Da ich dieses scheußliche Weihnachtsfest 2016 einfach nur vergessen möchte, beschränke ich mich auf die Schilderung der schönen Dinge: die Fahrt von Berlin nach Hildesheim und der Goslarer Weihnachtsmarkt. Wir hörten im Auto das Hörbuch »Bellboy oder: Ich schulde Paul einen Sommer« von Jess Jochimsen. Sieben oder acht Jahre war es her, dass ich es zum letzten Mal gehört hatte; mir war zwar noch im Gedächtnis, dass es gut war und dass ich seinerzeit alles darum gegeben hätte, in einer etwaigen Verfilmung den Paul zu spielen, aber die Details hatte ich größtenteils vergessen. Unsere Gespräche während der Fahrt waren schön, und am ersten Feiertag legte Ian mir die Karten fürs nächste Jahr, welches ganz offenbar ein Jahr der Entscheidungen werden wird. Augenblicklich sehe ich das noch nicht. Abwarten. — Die Geschenke waren ebenso schön wie praktisch, ich bekam neue Kopfkissen und eine neue Decke, so dass ich das alte Bettzeugs nun endlich entsorgen kann. Nadine schenkte mir ein Helena-Fotobuch, und im Paket von Ians Vater fand ich einen Roman, den ich ab Januar lesen werde.
Bei unserer Rückkehr erwarteten mich ein paar Weihnachtsgrüße im Briefkasten, die mich freuten, aber die Traurigkeit, die Trostlosigkeit, die Wut und die maßlose Erschöpfung überwogen. Dieses peitschende Gefühl des Ausgebranntseins, das mich im Schwitzkasten hat. Der glücklichste Moment der vergangenen Wochen? Das war ein Mittwoch — ich weiß nicht mehr, welcher —, spätabends, und ich war mit Chelito allein. Im Innenhof war es mucksmäuschenstill. Bei mir im Schlafzimmer auch Stille, keine Musik, kein Film. Nur weiches Kerzenlicht und ein Becher Kräutertee, und ich sank ins Bett und dachte: »Wie schön!« Dann dämmerte mir, dass am nächsten Morgen wieder die Arbeit auf mich wartete und ich bald schlafen musste, um ausreichend Kraft für den kommenden Tag zu sammeln. Aber in diesen kurzen Augenblicken war ich glücklich. Vermutlich ist das momentan alles, was ich erwarten kann. (Ob, wann und wie ich die verbleibenden zwölf Urlaubstage bis Ende März nehmen kann, bleibt das süße Geheimnis meines Chefs.)

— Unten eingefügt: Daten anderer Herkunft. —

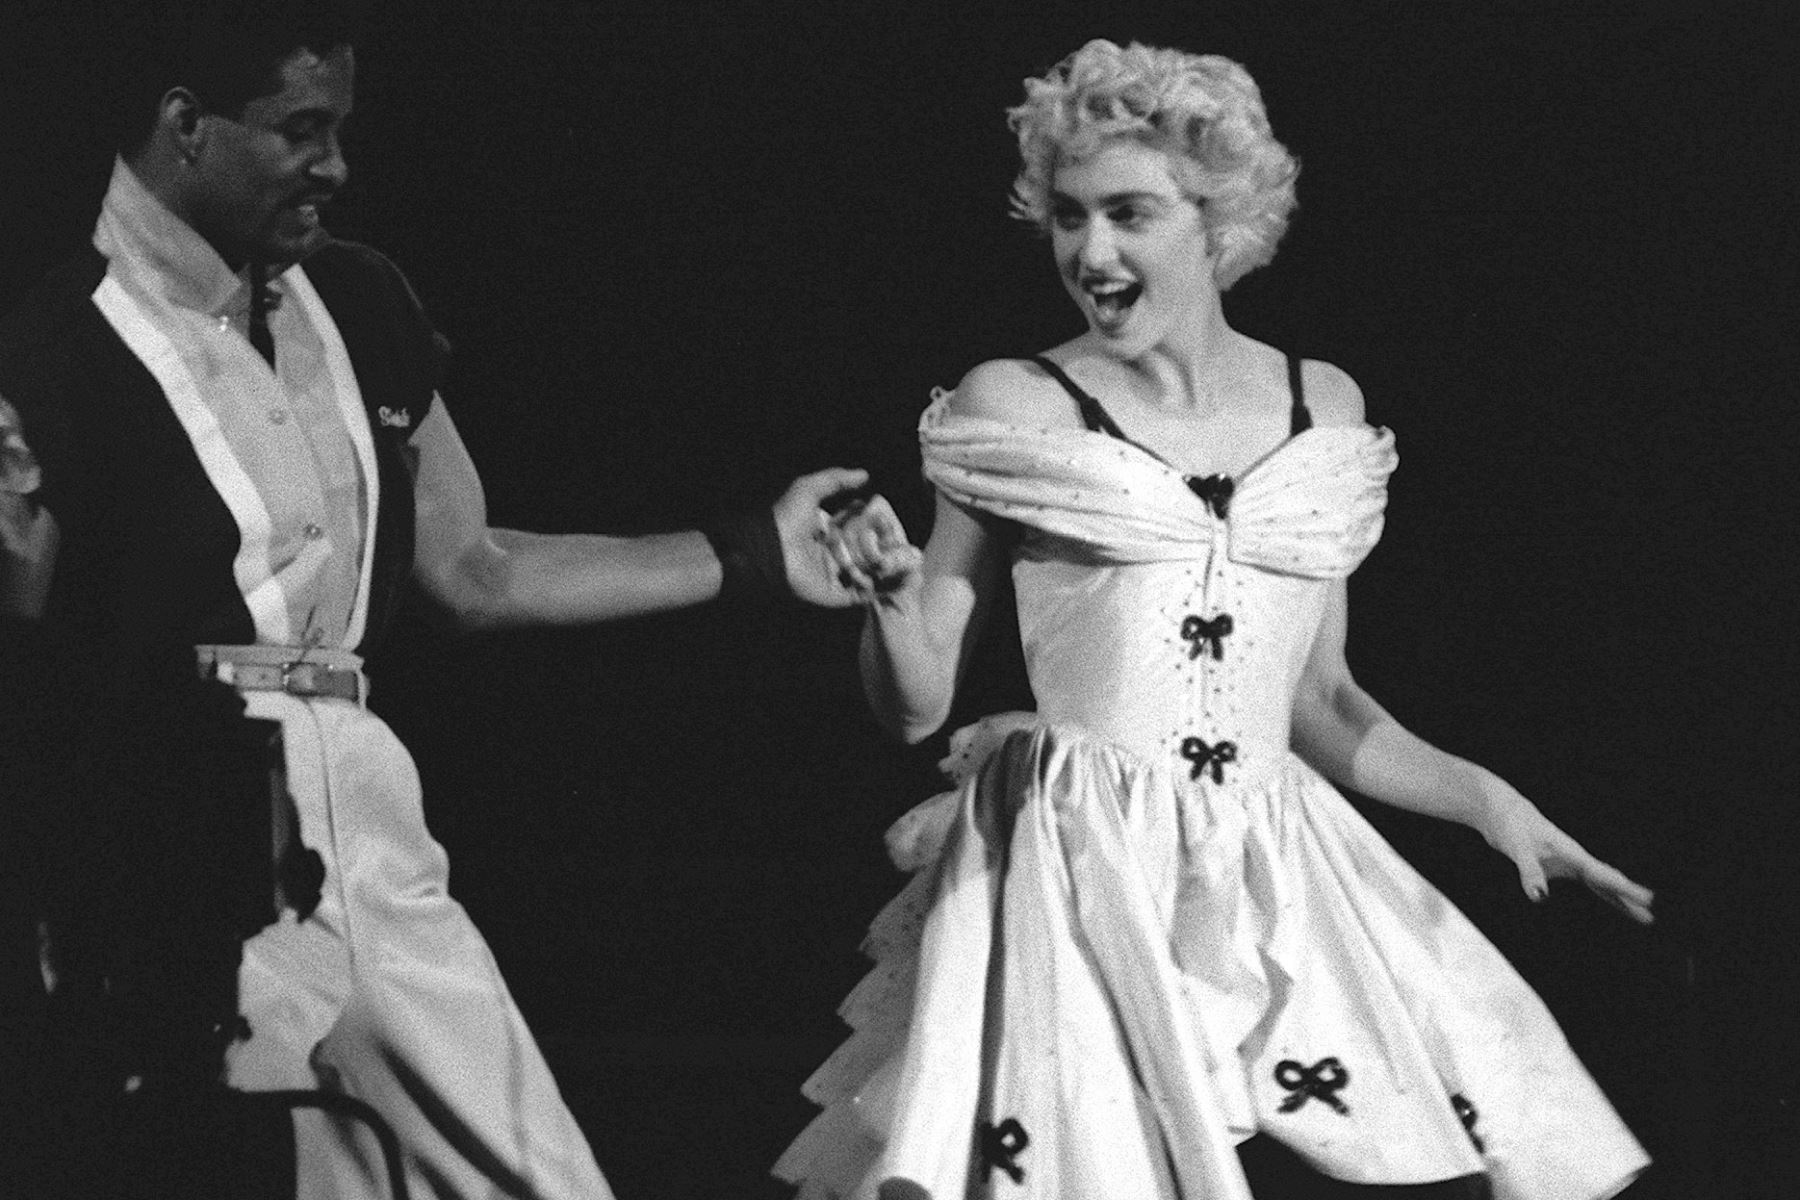 La estrella pop estadounidense Madonna actúa junto con un compañero de baile no identificado, el 28 de agosto de 1987, durante un único concierto que tuvo lugar en el parque de la ciudad de Sceaux, ubicado en el suburbio sureño de París. AFP

Das große Sterben der Stars findet kein Ende. Zu Weihnachten — welch Ironie! — erwischte es auch noch George Michael. 53 Jahre alt. Ich war nie ein wirklicher Fan, aber sein »Older«-Album ist mir seit jeher sehr nahe. Ein vorzügliches Album, tief, traurig, vielschichtig und intim. Es zeigt auch seine Bandbreite als Musiker. David Bowie, Prince, George Michael, es haftet immer noch etwas Unwirkliches an allem. Tags darauf dann Claude Gensac und Carrie Fisher, die beide große Klasse waren. Fisher war nicht nur Prinzessin Leia, sie war auch und vor allem eine fabelhafte Autorin und hatte einen herrlich trockenen, klugen Witz. Ohne ihre Dienste als script doctor wären Filme wie »Hook« (Regie: Steven Spielberg), »Sister Act« (Regie: Emile Ardolino), »The Wedding Singer« (Regie: Frank Coraci), »Coyote Ugly« (Regie: David McNally) oder The Mirror Has Two Faces sicher nicht so erfolgreich gewesen. — Ich habe etwas Angst vor dem, was 2017 diesbezüglich für uns in petto haben wird. Die Großen sind oder kommen ja alle in das Alter: Doris Day, Albert Finney, Vanessa Redgrave, Tippi Hedren, Danielle Darrieux, Betty White, Eva Marie Saint, Jack Nicholson, Mario Adorf, Sean Connery, Alain Delon, Kirk Douglas, Maggie Smith, Shirley MacLaine… Und die Musikerinnen und Musiker habe ich noch nicht einmal angedacht!
Gestern trafen die DVD von »That Cold Day in the Park« (Regie: Robert Altman) sowie die CD von Célien Schneider ein. Damit werde ich mich für den Rest des Tages einigeln. Auf bald!